[Records from a collection]
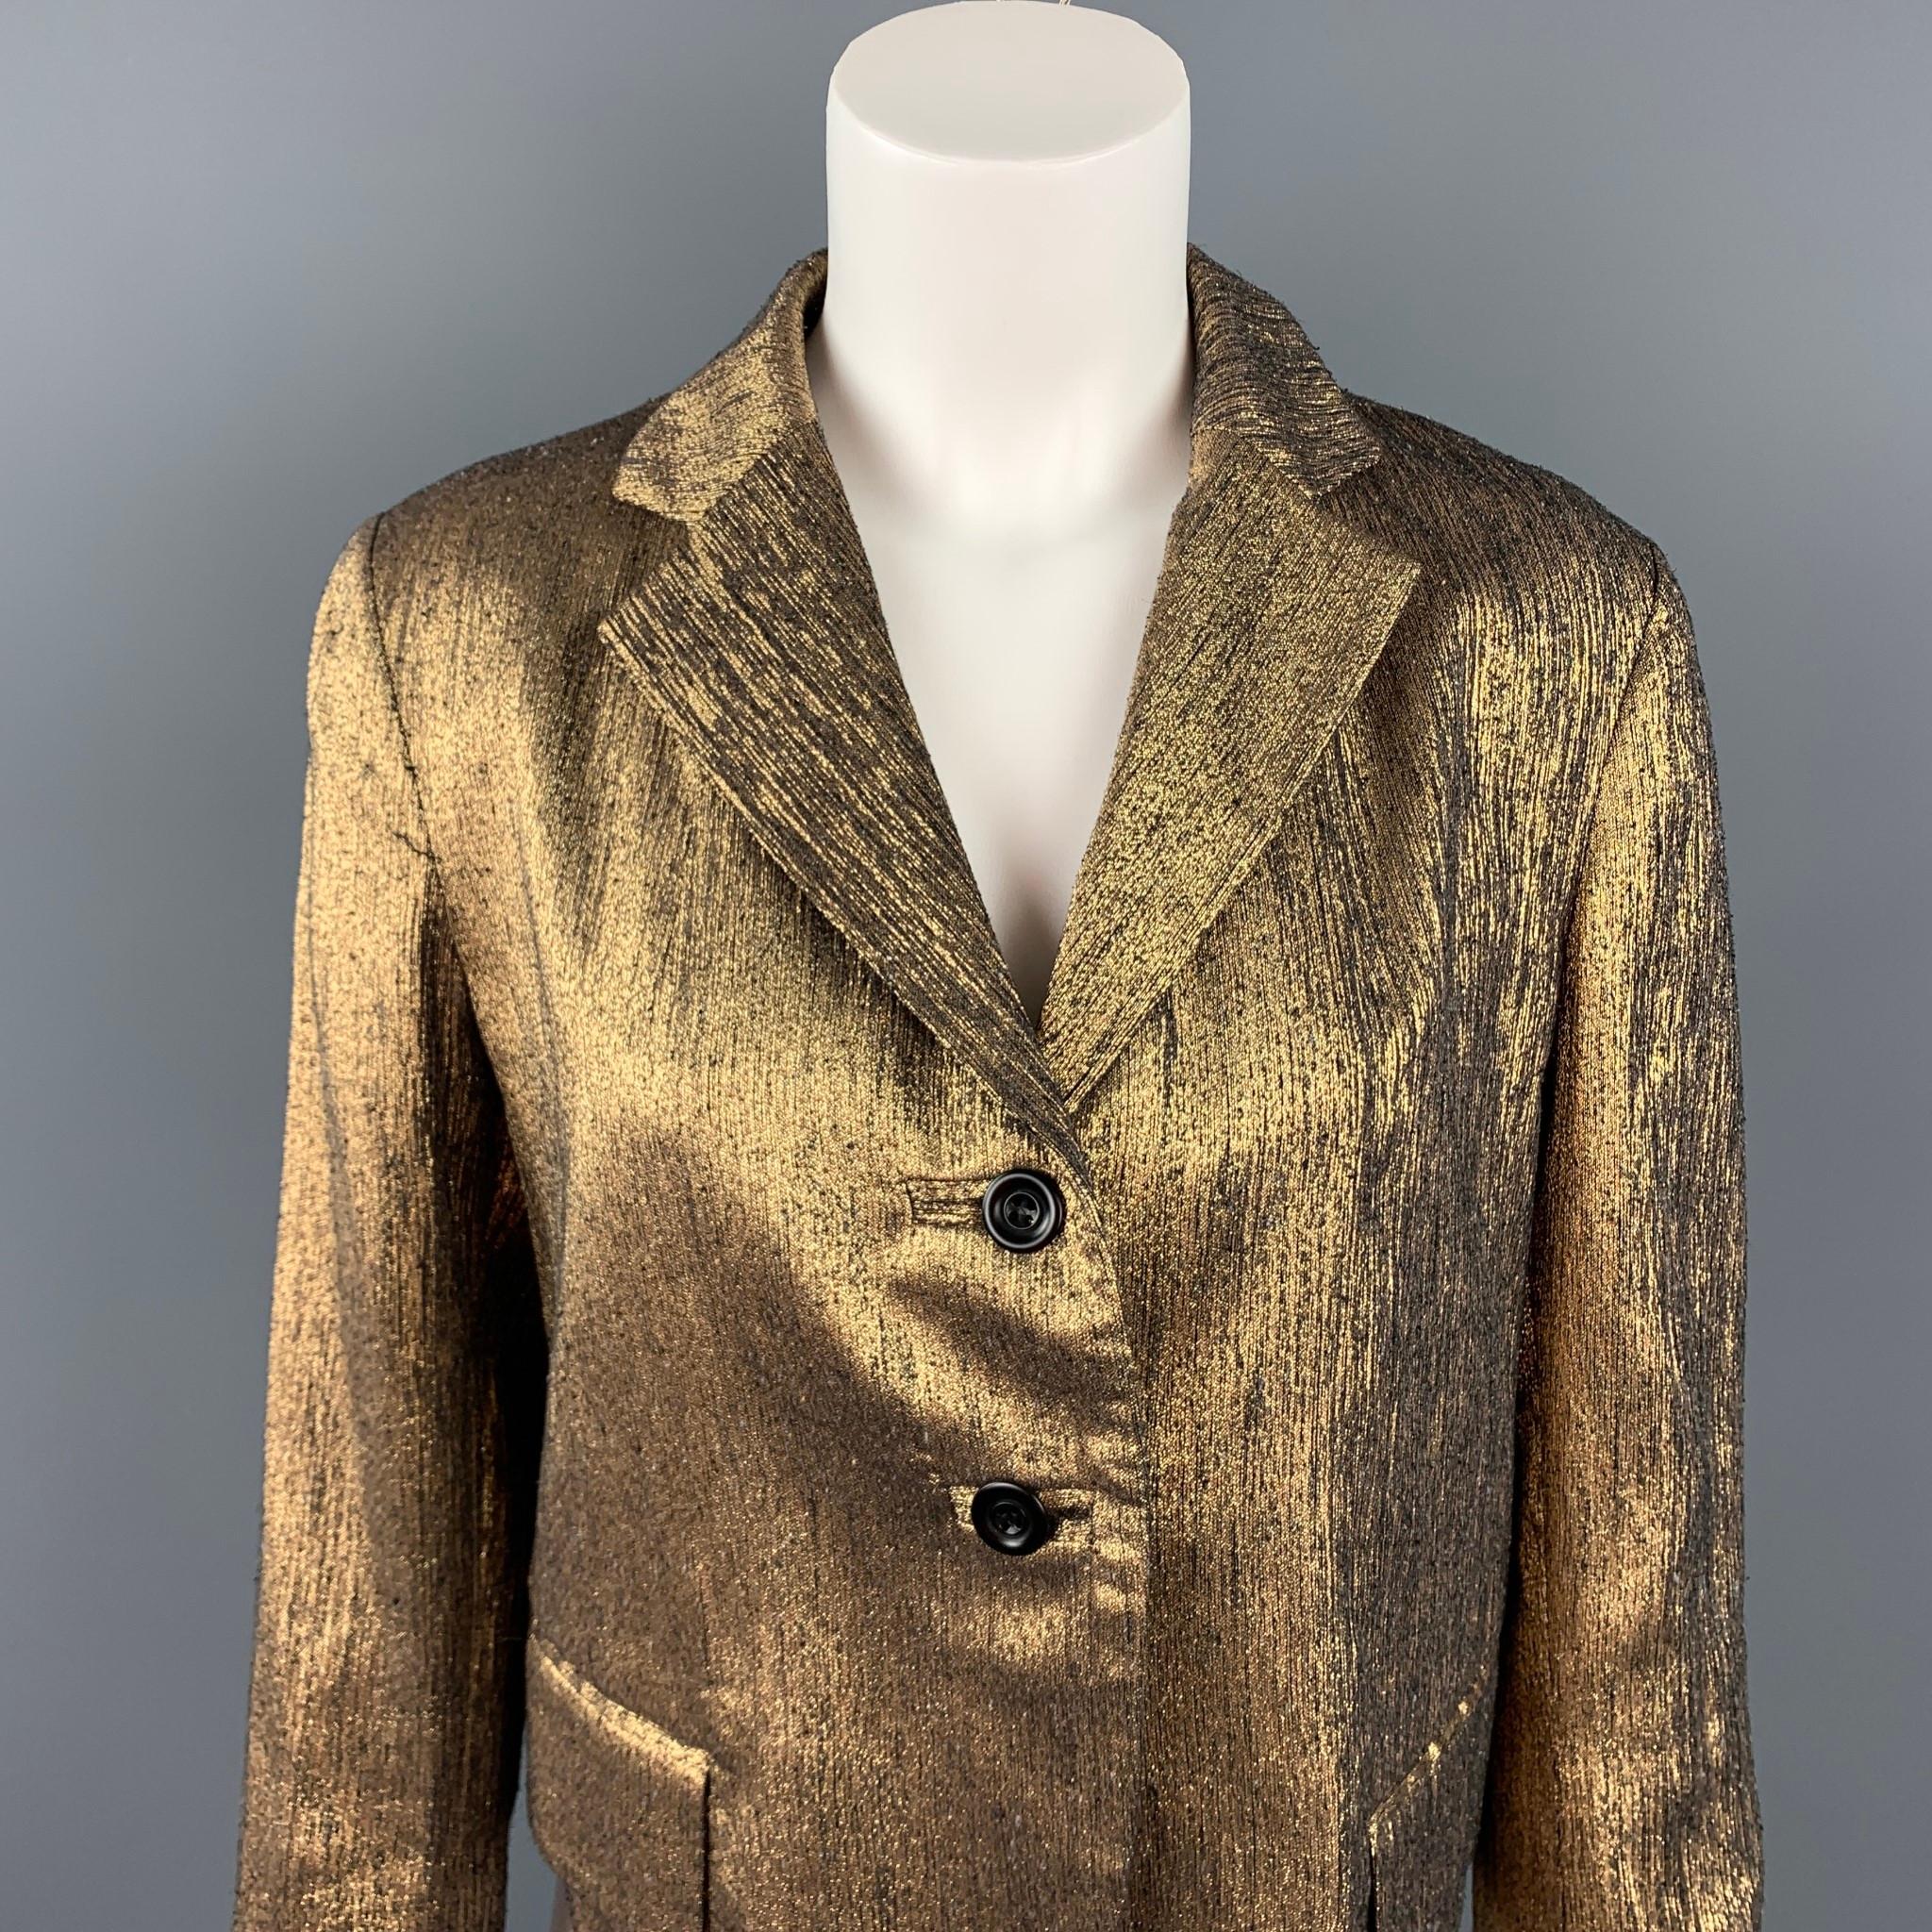 DRIES VAN NOTEN blazer comes in a gold textured silk blend with a full liner featuring a notch lapel, flap pockets, and a two button closure. Made in Belgium.

Good Pre-Owned Condition.
Marked: 42

Measurements:

Shoulder: 16 in.
Bust: 38

=== ACTIVITY ===
Your copy must match the records above exactly, apart from the pictures, which are excluded.

=== EXERCISE RESULT ===
 DRIES VAN NOTEN blazer comes in a gold textured silk blend with a full liner featuring a notch lapel, flap pockets, and a two button closure. Made in Belgium.

Good Pre-Owned Condition.
Marked: 42

Measurements:

Shoulder: 16 in.
Bust: 38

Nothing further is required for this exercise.